Business News Digital Legal

Dancing Jesus founder out of jail

By | Published on Wednesday 4 November 2015

Dancing Jesus

The founder of the long defunct Dancing Jesus website is reportedly out of jail, after being sentenced to 32 months last year in one of the harshest sentences relating to online piracy to date.

As previously reported, the Dancing Jesus site provided thousands of links to unlicensed content – included pre-release music – stored in cyber-lockers like Rapidshare and Filesonic. It was forced offline in 2011 as a result of action by British record industry trade group BPI, its worldwide counterpart the IFPI, and the authorities in both the US and UK.

It then emerged that the BPI had brought a private prosecution against the site’s founder Kane Robinson and its most prolific uploader Richard Graham, following an investigation by the City Of London Police. Both men ultimately pleaded guilty to the copyright crimes they were charged with, and both were sentenced last November.

The two men received 32 and 21 month prison sentences respectively.

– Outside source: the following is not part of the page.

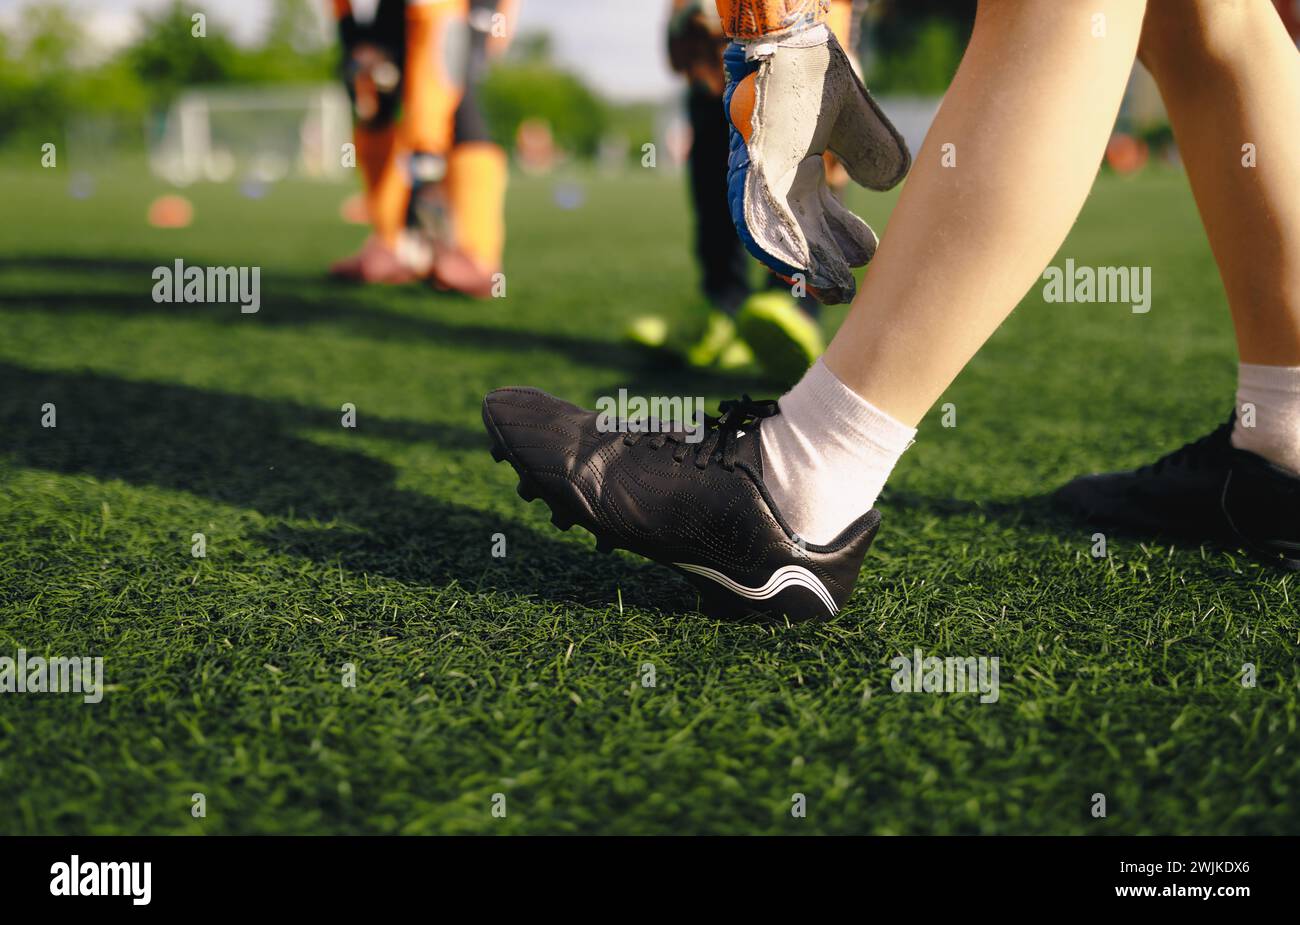 Soccer goalkeepers academy. Football goalie stretching legs at training session. Boy in soccer cleats and gloves in practice session Stock Photo

The sentences were welcomed by the BPI, which has often criticised the fact that online piracy offences tend to result in more lenient sentences than when people run CD bootlegging operations, despite arguments online piracy is actually more damaging to the music rights sector.

But many in the file-sharing community criticised the sentences, arguing that they were far too harsh for the crime. Both men were expected to appeal the jail terms though, according to Torrentfreak, Robinson is already out of prison after serving less than twelve months of his 32 month sentence.

A lawyer who provided expert testimony for the defence during the Dancing Jesus trial has pointed out that Robinson being out of jail this early is likely just routine, in that he could have expected to serve the second half of his sentence ‘on license’ rather than in jail, and good behaviour could have brought his release forward under standard procedures.

It its unclear whether either of the men still plan to appeal.